Plant Materials, Genome Sequencing and Genome Survey

The plant material used for whole-genome de novo sequencing was “HeiFeng No.1”, an elite tartary buckwheat cultivar planted mainly in Shanxi province and nearby areas of China as a homozygous inbred line. In total, paired-end sequencing libraries with insert sizes of approximately 500 bp were constructed and sequenced using the Illumina Hiseq 2000 platform. The raw genome survey sequence data was first filtered to obtain high quality reads, then assembled using SOAP (http://soap.genomics.org.cn/soapdenovo.html) de novo software to contig and scaffold . K-mer analysis was used to estimate genome size.

Sixty-four accessions of tartary buckwheat collected worldwide (Table 1) were used to evaluate and identify the SSR suitability for genetic distance analysis. Young leaves were collected and frozen in liquid nitrogen prior to genomic DNA extraction using CTAB methods (Porebski et al. 1997). DNA concentrations were measured by spectrophotometry at 260 nm, and the extracts were electrophoresed on 1 % agarose to confirm quality. The purified DNAs were standardized at 100 ng/μL and stored at −20 °C.

Table 1 The 64 tartary buckwheat accessions and their geographical origin

SSR Identification and Primer Analysis

The Perl script MicroSatellite (MISA) was used to identify microsatellites in tartary buckwheat genomes (Parida et al. 2010; Sonah et al. 2011). To identify the presence of SSRs, only two to six nucleotide motifs were considered, and the minimum repeat unit was defined as five reiterations for all of the repeat units. The SSR primers were designed by Primer3 software online (Untergrasser et al. 2012). We designed 221 pairs of primers that met the following parameters (Supplementary additional file S5): 100–300 bp final product length, primer size from 18 to 25 bp and GC content 35–70 %; annealing temperature was 50–65 °C. Primers were synthesized by Sangon (Shanghai, China). We tested 64 cultivars for 221 SSR loci by PAGE to confirm their suitability.

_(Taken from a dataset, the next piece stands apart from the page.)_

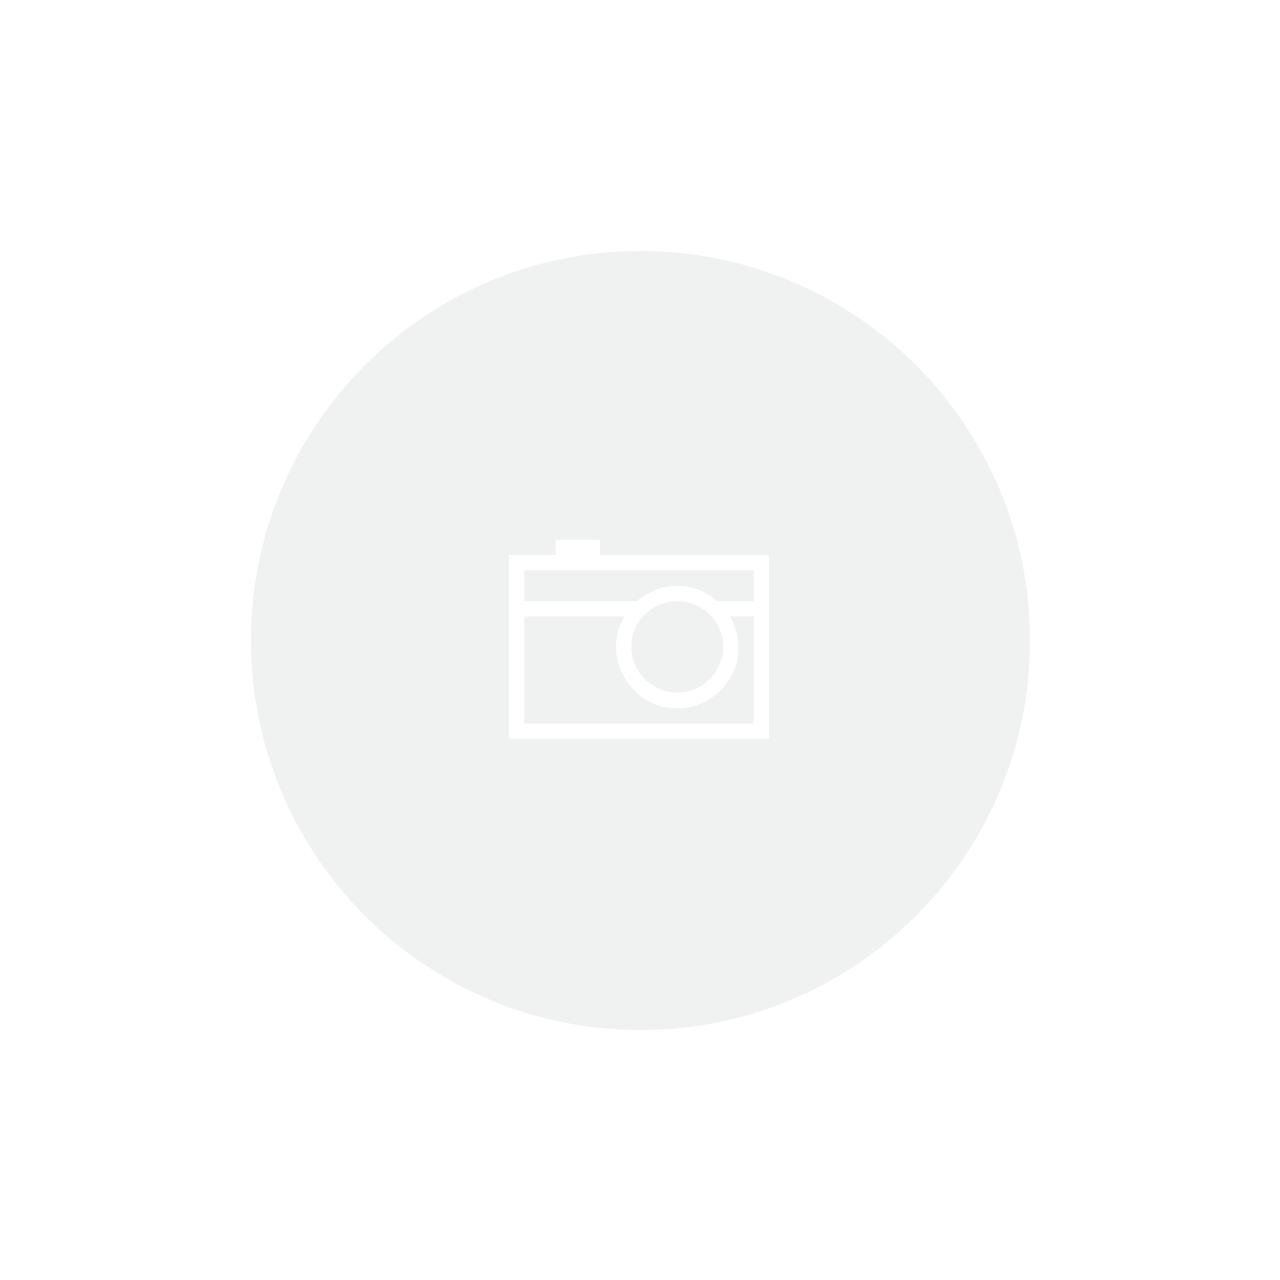 Kit Acessórios de Tosa Profissional - Propetz 04 Itens

Each 25 μL reaction mixture contained 10× PCR buffer (plus Mg2+), 0.2 mM of each dNTP, 5 pmol of each reverse primer and forward primer, 1.5 units of rTaq polymerase (TaKaRa, Japan) and 100 ng genomic DNA template. DNA amplification was accomplished in a PCR system (PTC-200, MJ Research, Waltham, MA) programmed at 94 °C for 5 min for initial denaturation, then 35 cycles at 94 °C (30 s)/55 °C(30 s)/72 °C (30 s), followed by an extension step for 10 min at 72 °C. Each PCR product was run on 2 % agarose gel at 120 V for a quality check. Subsequently, PCR products were run on a 6 % denaturing polyacrylamide gel at 60 W constant gain, and polymorphism was detected by silver staining.

SSR Data Analysis

Twenty-three high polymorphic SSR primer combinations were selected as core SSR markers. Sixty-four tartary buckwheat varieties were analyzed using these core SSR markers. The observed number of alleles (Na), effective number of alleles (Ne), and PIC were calculated by using PopGen 32 (http://popgen-popgen.software.informer.com). Population genetic structure was calculated using Structure 2.3.4 (Hubisz et al. 2009). Genetic similarity coefficient and UPMGA cluster analysis of these accessions were calculated by NTSYS software (Powell et al. 1996).